Fig 7. The phenotypic experiment of TgANT compensation mutant strains.

(A) IFA confirmed the correct integration and expression in ER of Com-TgANT-¹⁷³YSxxxxQxxQ strain and Com-TgANT-³³⁵SSxQQ strain.HA denote the mutant CDS of TgANT, and Ty denotes the TgANT in situ. (B) plaques experiment of iTgANT strains and mutant compensation strains, parasites were grown ±0.5 μg/ml ATc for 7 days to form plaques on HFF monolayers. (C) iTgANT strains and mutant compensation strains (Com-TgANT(Y) refer to Com-TgANT-¹⁷³YSxxxxQxxQ strain and Com-TgANT(S) refer to Com-TgANT-³³⁵SSxQQ) were pretreated with 0.5 μg/ml ATc for 40 h or left untreated. Subsequently they were allowed to infect HFF monolayers for 40–60 min, and uninvaded parasites were washed with PBS. Whereafter, invaded parasites were cultured with 0.5 μg/ml ATc or left untreated for 24 h to determine the number of parasites in each parasitophorous vacuole (PV). ***p ≤ 0.001, two-way ANOVA, three independent repeated, a representative one is shown here.
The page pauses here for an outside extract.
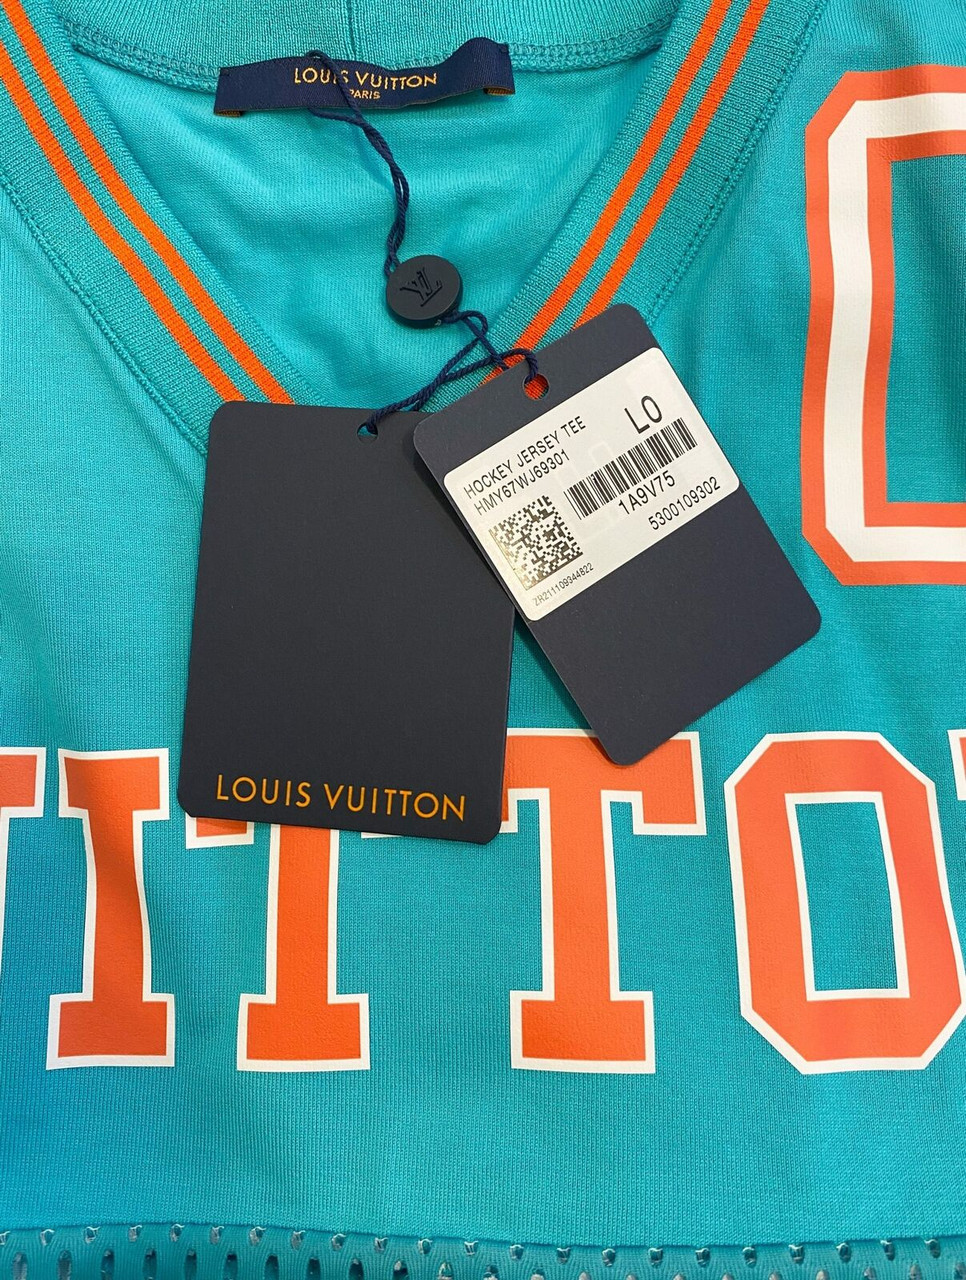 Louis Vuitton limited edition “Hockey Jersey T-Shirt” $1,090.00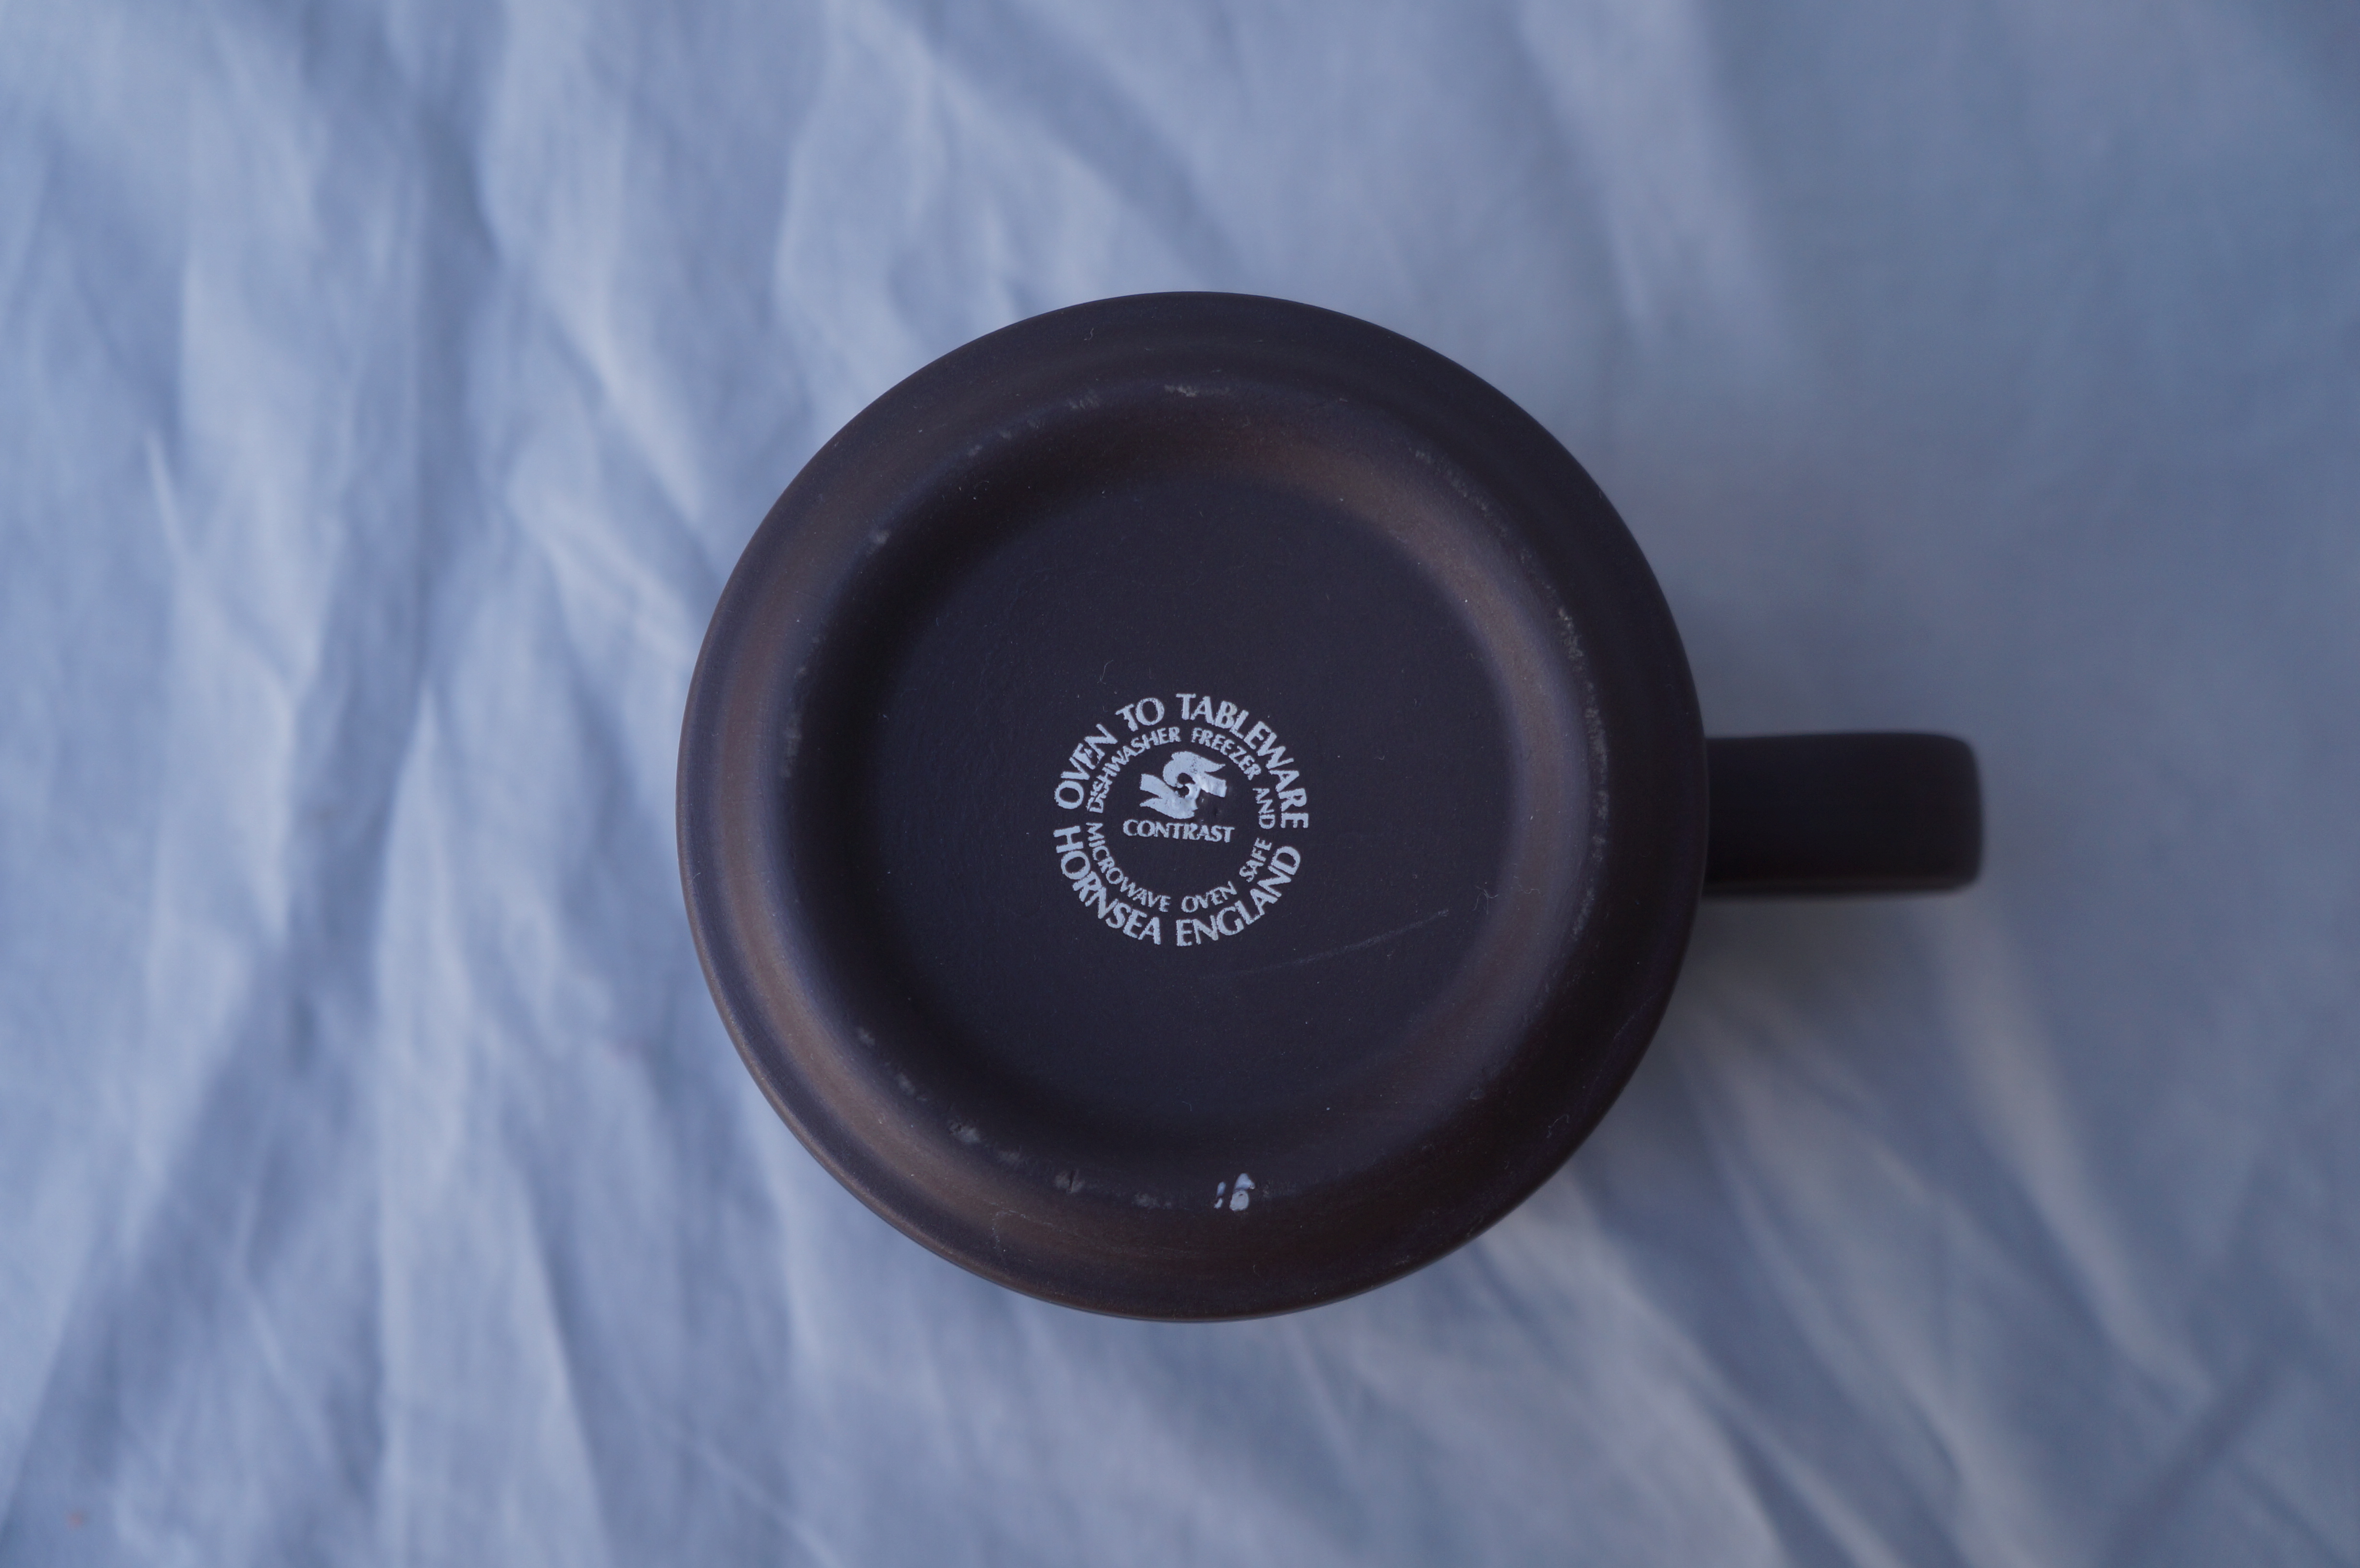 UK Vintage HORNSEA "Contrast" Cup and Saucer/イギリス ヴィンテージ ホーンジー "コントラスト" カップ＆ソーサー

Fig 8. The Phenotypic experiment of heterologous supplementation strains.

(A) IFA confirmed the correct integration and expression in ER of iTgANT::AXER strain. (B) and (C) Intracellular replication assay (B) and plaque assay (C) comparing the growth of TgANT depletion strain and AXER complementation strain. ***p ≤ 0.001, two-way ANOVA, three independent repeated, a representative one is shown here.

Fig 9. Homology analysis and [α^-32P] ATP absorb experiment.

(A) The sequences of TgANT and PfUNT were aligned using ClustalX. (B) Kinetics of [α-³²P] ATP uptake into intact E. coli cells. IPTG-induced E. coli cells harboring the plasmid encoding PfANT were incubated with 25 nM [α-³²P] ATP for the indicated time intervals. Noninduced E. coli cells with the plasmid encoding PfANT were used as control. Means ± s.e.m., three independent assays.

Fig 10. ER stress and apoptosis detection.

(A) iTgANT strain were treated with 0.5 μg/ml ATc for 36h or left untreated, subsequently collected the parasites. They were subjected to Western blot analyses using mouse anti-TgIF2α-P and rabbit anti-TgIF2α. (B) Intracellular parasites were treated with 0.5 μg/ml ATc for 36h or left untreated, subsequently collected the extracellular and intracellular parasites. They were subjected to Western blot analyses using mouse anti-TgIF2α-P and rabbit anti-TgIF2α. (C) iTgANT strain and Com-iTgANT were treated with 0.5 μg/ml ATc for 36h or left untreated, subsequently collected the parasites. Besides, the iTgANT strain was treated with ATc for 33h and then add the iPERK for 3h to verify the phosphorylation of TgIF2α is caused by ER stress. All the samples were subjected to Western blot analyses using mouse anti-TgIF2α-P and rabbit anti-TgIF2α. (D) Morphology of iTgANT strain (green, GRA7) and TUNEL labeling in situ (red) following treatment with ATc for 36h. (E) Mean percentages ± SEM of TUNEL-positive T. gondii, results are from three independent experiments, ***P≤0.001, Student’s t-test.